Когда вышло отдельное издание знаменитых «Писем из Шлиссельбургской крепости» 1, В. Брюсов первым откликнулся на него рецензией, в которой писал: «Что всего более изумляет, при первом чтении «Писем из Шлиссельбургской крепости» Н. Морозова, это – их бодрый тон. Проведя двадцать пять лет в одиночном заключении… Н. Морозов сумел сохранить не только ясность мысли, но и свежесть чувства… Как не ждать, что проступят в его словах, то там, то тут, жалобы на судьбу, подавленное отчаянье, скрытые проклятия… Ничего такого нет в письмах Н. Морозова…

Что же дало силу Н. Морозову перенести с этой бодростью выпавшее на его долю тяжелое испытание? Без всякого колебания, мы готовы ответить: высокая культура духа… Н. Морозов… тетрадь за тетрадью писал свои «Научные записки и заметки», которых к концу его заключения набралось 26 томов. Лишенный не только надежды, что эти «записки и заметки» будут когда-либо опубликованы, но даже уверенности, что их не истребит в один случайный день чья-нибудь равнодушная рука, Н. Морозов работал из одной бескорыстной любви к науке и к истине» 2.

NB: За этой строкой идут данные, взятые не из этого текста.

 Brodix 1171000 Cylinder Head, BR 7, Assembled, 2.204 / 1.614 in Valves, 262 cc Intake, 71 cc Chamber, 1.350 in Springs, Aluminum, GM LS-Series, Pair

В подвиге Н. Морозова В. Брюсов видел не только индивидуальный психологический феномен, но и новое звено в исторической цепи борьбы свободолюбивого человеческого духа против усугубляющегося давления деспотизма и изуверства. Исторический контекст, в котором стояла для В. Брюсова судьба революционера-народовольца, особенно отчетливо очерчен им в черновике той же рецензии – это судьба Достоевского и Чернышевского: «Говорят, что Птоломеи давали возможность александрийским медикам проводить анатомические опыты над живыми людьми. В русской истории можно найти примеры экспериментов более поразительных. Разве не замечателен такой опыт: взять гениального писателя и отправить его на четыре года в каторжные работы, чтобы посмотреть, не напишет ли он после этого «Преступления и наказания» и «Братьев Карамазовых». Или: взять [мощный ум, властвующий над всем современным ему поколением], взять всесторонне, энциклопедически образованного человека и на 23 года вырвать его изо всех условий цивилизованной жизни, бросить сначала в какую-то Кадаю, а потом в какой-то Вилюйск, чтобы убедиться, что знания, ум, талант могут восторжествовать и над таким испытанием! Я думаю, что перед такими очень широко поставленными опытами совершенно бледнеют опыты александрийских ученых… Н. А. Морозову выпал страшный жребий послужить объектом для одного из них» 3.

Отношения В. Брюсова и Н. Морозова имеют весьма знаменательную предысторию. В 70-е годы Н. Морозов был довольно коротко знаком с отцом поэта, Яковом Кузьмичом Брюсовым. Жена Морозова Ксения Алексеевна позднее рассказывала: «Еще в начале 80-х годов4  юноша-революционер Морозов, разыскиваемый полицией, живет в Москве на нелегальном положении. Он скрывается у различных сочувствующих его деятельности знакомых. В числе их и семья Брюсовых. Брюсовы живут в отдельном доме. Скрываться у них очень удобно. К маленькому живому темноглазому мальчику Валерию молодой революционер чувствует особую симпатию… Юноша Морозов расстается со своим маленьким приятелем, не предполагая, что встретит его через много лет, когда тот станет известным поэтом и писателем, а у него самого будет позади 25-летнее Шлиссельбургское заключение» 5.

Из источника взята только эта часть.